The final rule comes after years of judicial scrutiny regarding WHD’s categorical lists. For example, some federal courts have criticized the categorical lists as being “arbitrary” and exhibiting no “rational basis” for distinguishing among certain establishments. Others have opined that the list identifying establishments that “may be” recognized in the retail category had no meaningful impact, because analysis of whether the establishment met the relevant criteria for a “retail concept” was still required. Employers in industries that did not appear on either list struggled with whether they more resembled the businesses on the “no retail concept” or “may be” lists.

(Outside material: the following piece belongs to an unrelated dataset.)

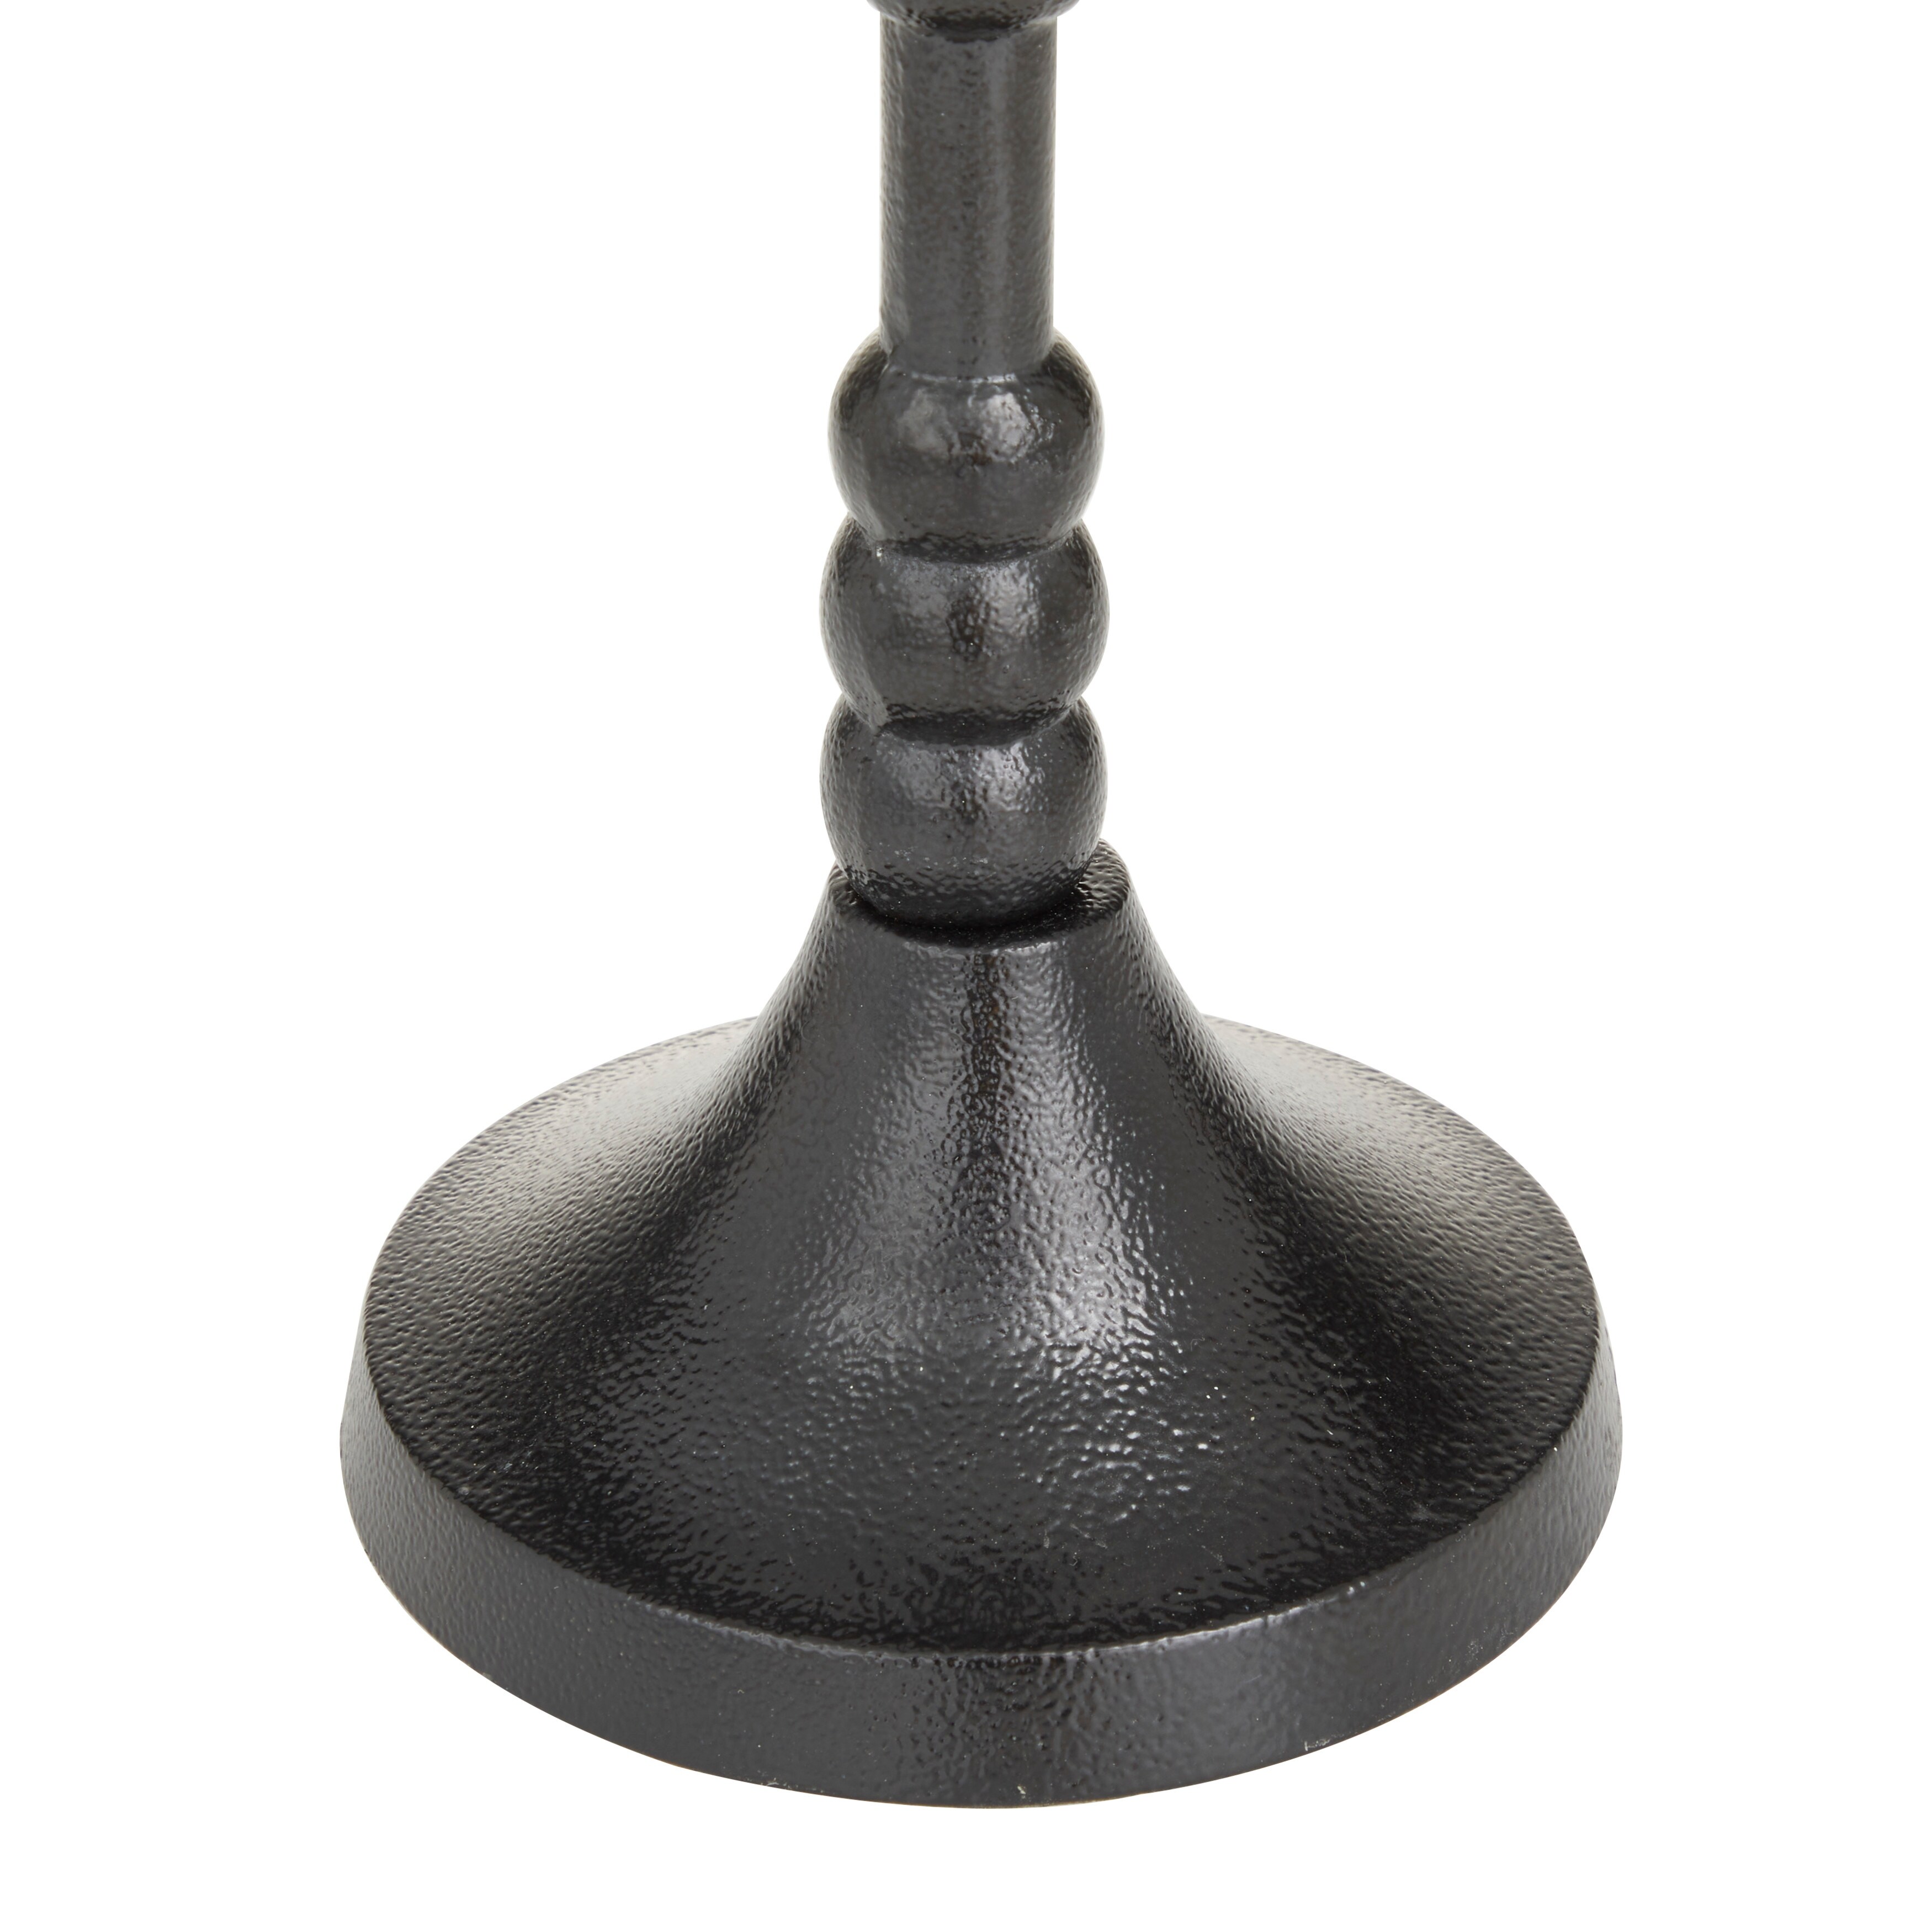 Black Iron Industrial Candle Holder (Set of 3) - 5 x 5 x 21

The final rule streamlines the “retail concept” analysis for employers and should promote a more consistent and logical approach to determining whether a business qualifies as a retail or service establishment for purposes of the Section 7(i) exemption, without the rigidity proscribed by the previous establishment lists. As the WHD concluded in issuing the final rule, the withdrawal of the partial lists provides for much-needed flexibility as industries evolve and the characteristics of businesses change over time.